Chapter 4
The chapter opens with the nine‑year‑old narrator waking in a dark Virginia bedroom on a humid August night, hearing an animal’s distress. He follows the sound, discovers a red sliver of light from a cracked door, and pushes it open to find his grandfather Paul sitting in a reading chair, crying, holding a trembling Polaroid. The narrator realizes he is in his grandfather’s home during a summer break.
A flashback follows: Paul and Lan first met in 1967 while Paul was stationed at Cam Ranh Bay. They met at a Saigon bar, fell in love, and married a year later at the city’s courthouse. Their wedding photo hangs over the narrator’s childhood, showing a young Virginian farmboy with his Vietnamese wife, Lan, who already has a twelve‑year‑old daughter, Mai, from an arranged marriage. Lan recounts her escape from an abusive first marriage, her work as a sex worker for American GIs, and the stigma she faced in her village. The narrative details a night during the Tet Offensive when Lan and Paul huddled in a one‑room apartment, Paul with his pistol, as mortar fire rang outside.
Back in the present, the narrator and Paul sit together after the night’s events. Paul laments hearing the Vietnamese folk song “Ca trù” that the narrator sang earlier, recalling how Lan used to sing it. The narrator offers a short explanation of the song’s grim lyrics, and Paul, mistaking his own memory, claps and they share a bowl of Raisin Bran with water.
Later, the pair are in Paul’s garden harvesting basil for a pesto recipe. They avoid discussing the past, instead chatting about cage‑free eggs, antibiotics, and bee decline. While Paul bends to pull a ragweed, a Polaroid of Paul and Lan falls from his pocket onto the grass, showing the couple laughing and embracing. Paul quickly pockets it again.

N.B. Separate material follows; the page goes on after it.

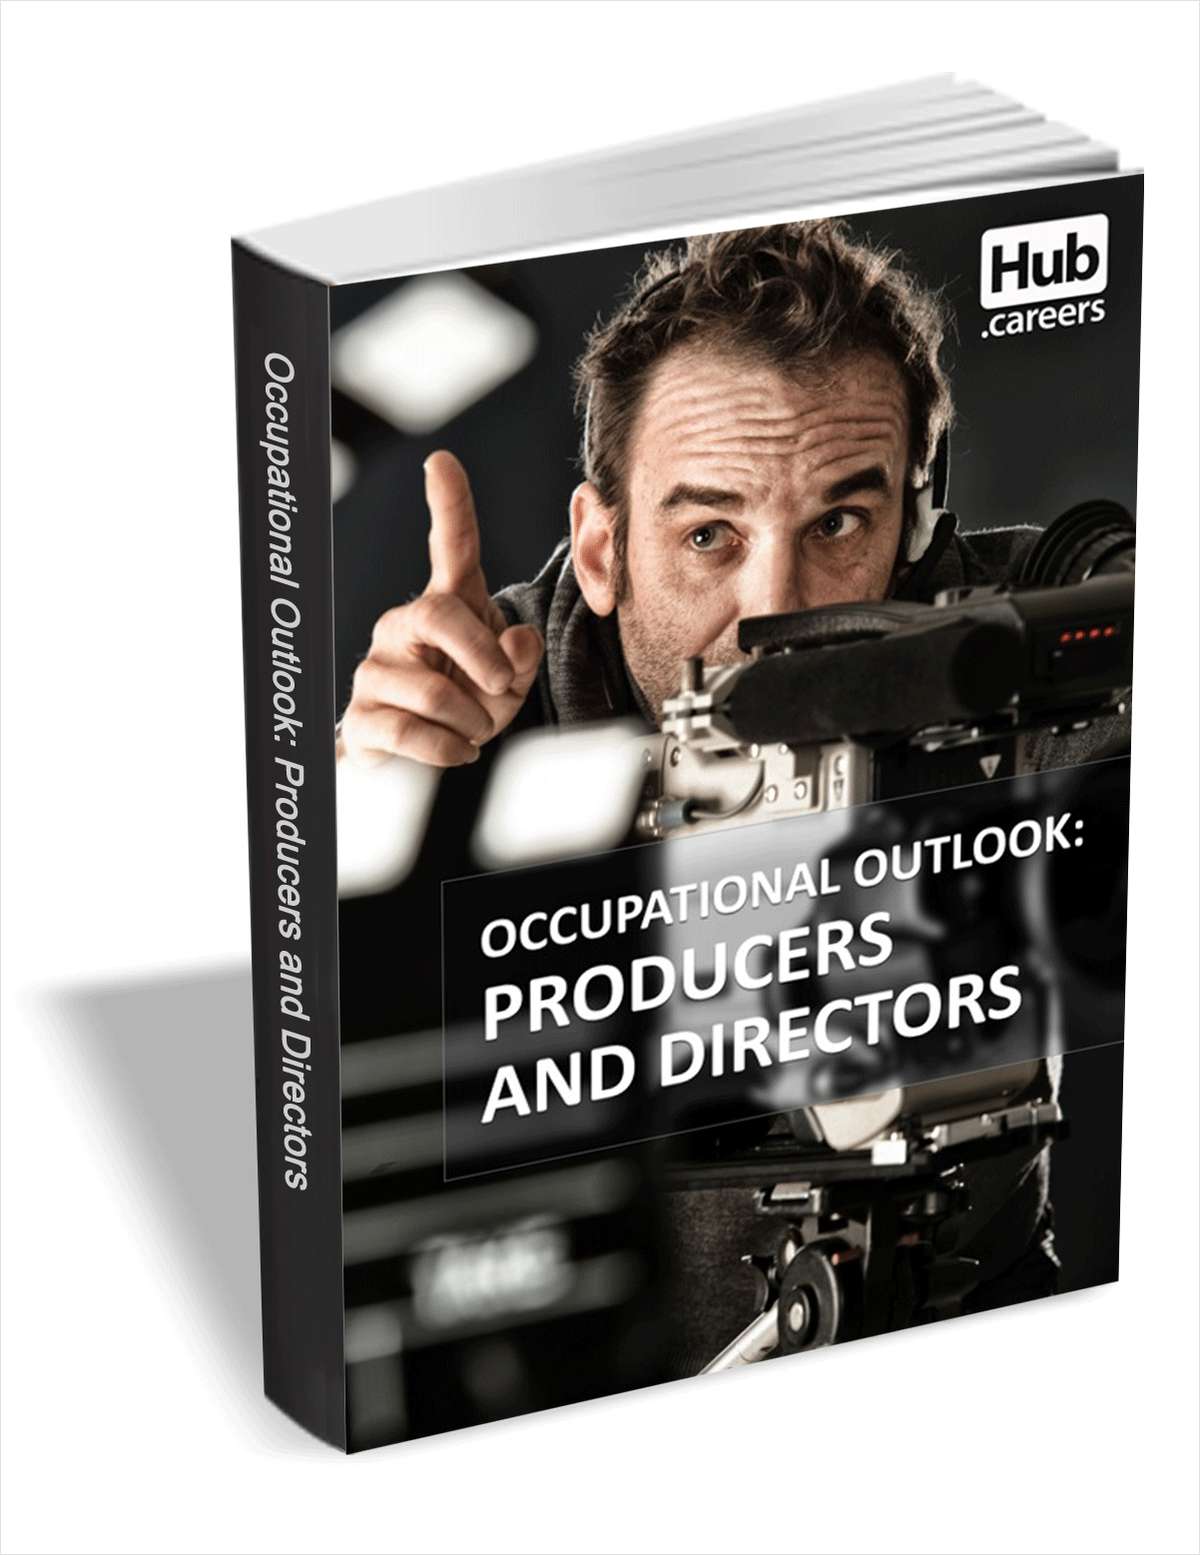 Producers and Directors - Occupational Outlook

In the kitchen, Paul prepares a joint, smoking it solemnly. He reveals that he was diagnosed with cancer, likely from Agent Orange exposure, underwent chemotherapy, and had surgery on a tumor at the base of his neck. While smoking, the narrator remembers a prior conversation with his mother in Hartford, where his mother dramatically told him “Your grandfather is nobody,” insisting that Lan had been pregnant by another American soldier when she met Paul, making Paul not his biological grandfather or father. The narrator processes this revelation, feeling the loss of an identity anchor.
The chapter then shifts to the narrator’s memory of a church service in Hartford, where he, his mother, and a friend’s Dominican‑Cuban family sing “His Eye Is on the Sparrow.” He recalls his mother’s intense, tear‑filled Vietnamese plea for her absent father, the only time Vietnamese is spoken publicly in that church, and the emotional freedom the song affords her.
Interwoven are historical asides: a brief recount of General Curtis LeMay’s bombing campaign in Vietnam, Tiger Woods’ 1997 Masters win, and the 1998 opening of Vietnam’s first professional golf course built on a former bomb crater.
The chapter concludes with Paul, still smoking, telling the narrator “I’m not who I am,” and the narrator deciding to keep calling him “Grandpa” despite the truth, while a roach sizzles in water and the room is filled with violet stillness. The final image is of the narrator’s empty Raisin Bran bowl and the lingering sense of unresolved family identity.